You are viewing a plain text version of this content. The canonical link for it is here.
Posted to solr-user@lucene.apache.org by Shawn Heisey <so...@elyograg.org> on 2014/01/14 16:07:37 UTC

Splitting strings in Java - how to escape delimiter characters?

I have a Java question, for a custom update processor I'm developing. It
takes an input field of the following format:

field:value;mvfield:value1;mvfield:value2

With an inner delimiter set to a colon and an outer delimiter set to a
semicolon, this results in two new fields going into the document. The
field named 'field' has one value and the field named mvfield has two.

This code uses the String#split method,  so it can't deal with the
delimiter characters being escaped with a backslash.

How can I make the code deal with an escape character (backslash) on the
two delimiters and the escape character itself? Unless it's absolutely
necessary or super easy, I do not plan to deal with the full set of regex
escaped characters.

I can move this discussion to the development list, but I thought I would
start here.

Thanks,
Shawn



Re: Splitting strings in Java - how to escape delimiter characters?

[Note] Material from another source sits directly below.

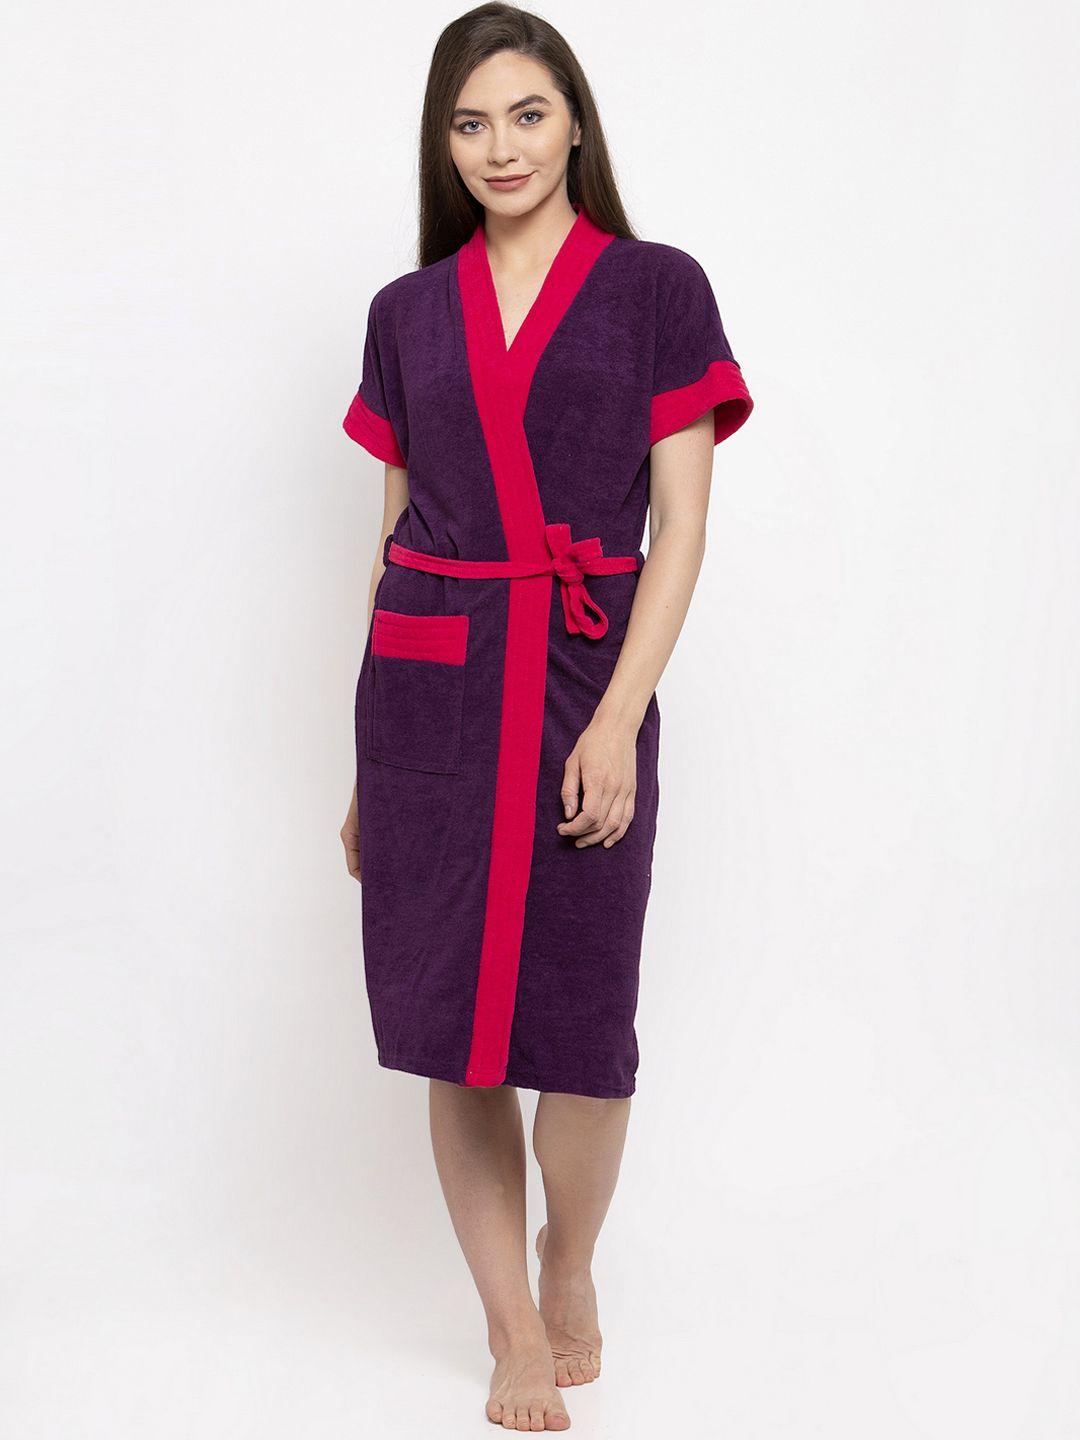 elevanto women purple & pink colourblocked bathmusic bath robe

Posted by Yonik Seeley <yo...@heliosearch.com>.
Look at the StrUtils.splitSmart methods... the first variant treats
quotes specially,
the second variant doesn't (that's the one you probably want).

-Yonik
http://heliosearch.org -- off-heap filters for solr


On Tue, Jan 14, 2014 at 10:07 AM, Shawn Heisey <so...@elyograg.org> wrote:
> I have a Java question, for a custom update processor I'm developing. It
> takes an input field of the following format:
>
> field:value;mvfield:value1;mvfield:value2
>
> With an inner delimiter set to a colon and an outer delimiter set to a
> semicolon, this results in two new fields going into the document. The
> field named 'field' has one value and the field named mvfield has two.
>
> This code uses the String#split method,  so it can't deal with the
> delimiter characters being escaped with a backslash.
>
> How can I make the code deal with an escape character (backslash) on the
> two delimiters and the escape character itself? Unless it's absolutely
> necessary or super easy, I do not plan to deal with the full set of regex
> escaped characters.
>
> I can move this discussion to the development list, but I thought I would
> start here.
>
> Thanks,
> Shawn
>
>

Re: Splitting strings in Java - how to escape delimiter characters?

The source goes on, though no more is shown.